Co-evolutionary analysis meets machine learning for modelling biomolecular structures and interactions
CECAM-HQ-EPFL, Lausanne, Switzerland
In the last decade, coevolutionary methods have revolutionized the field of computational structural biology. They form the basis of today’s best performing computational methods for the predictions of protein and RNA structures, as demonstrated by the success of the top-performing teams in the last CASP competitions.
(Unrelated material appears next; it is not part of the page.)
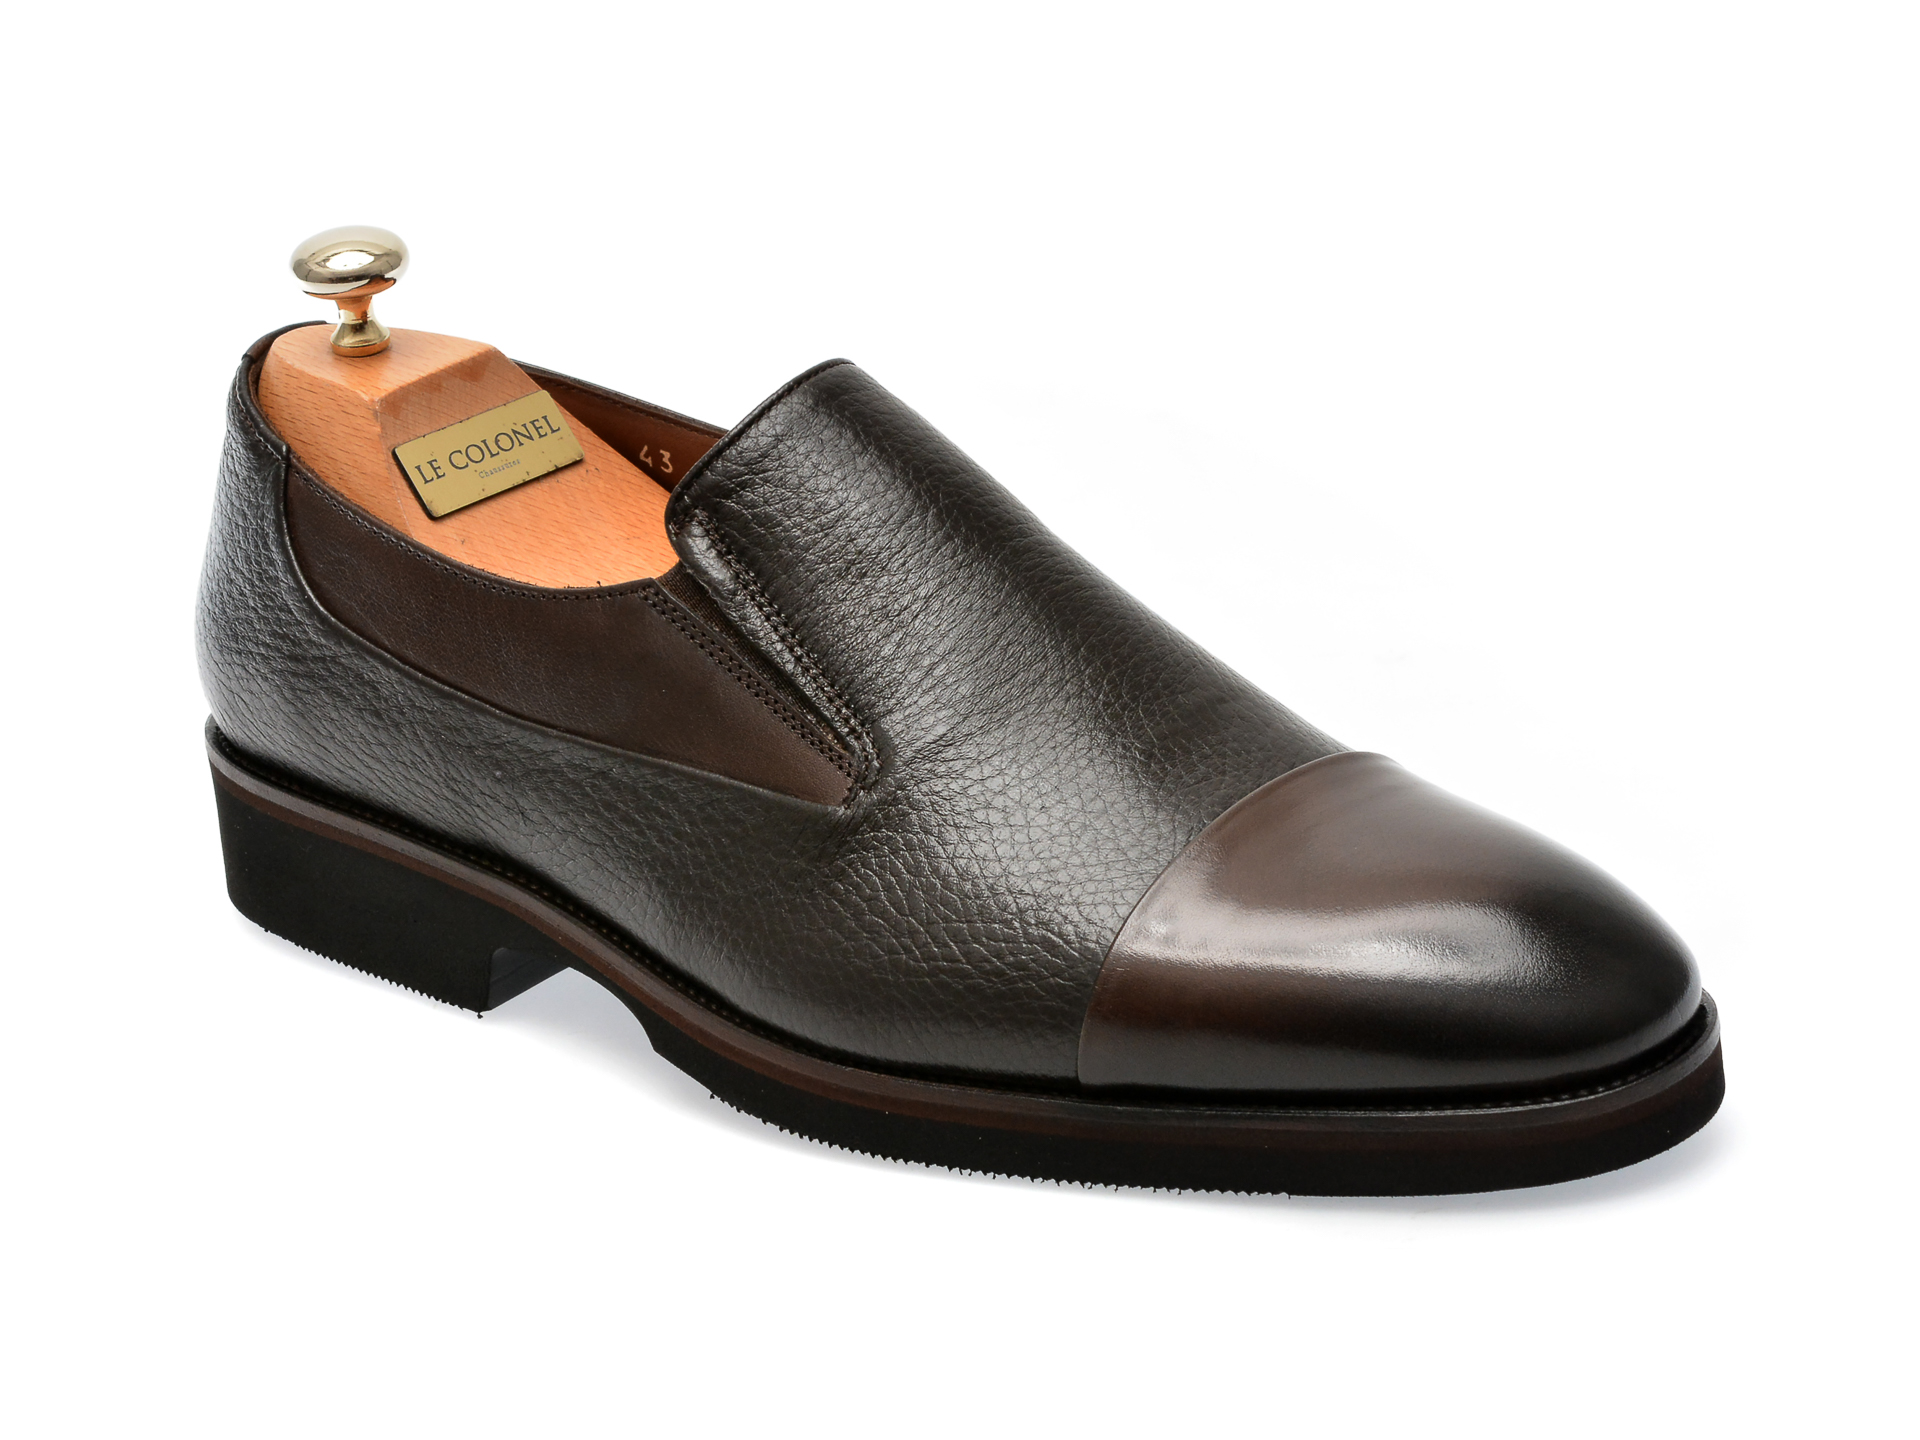 Pantofi LE COLONEL maro, 49879, din piele naturala /barbati/pantofi

The methodological advances have allowed the successful study of protein structures, complexes and interactions networks by sequence variation analysis .
At the core, these methods rely on the statistical analysis of patterns of correlated mutations in large multiple sequence alignments. Based on the hypothesis that pairs of amino-acids in close spatial proximity display correlated mutations, coevolutionary methods aim at solving the inverse problem which consists of inferring structural proximity of residues from the observation of correlated mutations in natural sequences. The advent of high-throughput sequencing, leading to large databases of homologous protein sequences, and the development of theoretical tools to deal with correlated mutations lead to major breakthroughs in the field and in particular to the development of Direct-Coupling Analysis (DCA) , which laid the foundation for subsequent refinements and led to an impressive number of novel structural insights.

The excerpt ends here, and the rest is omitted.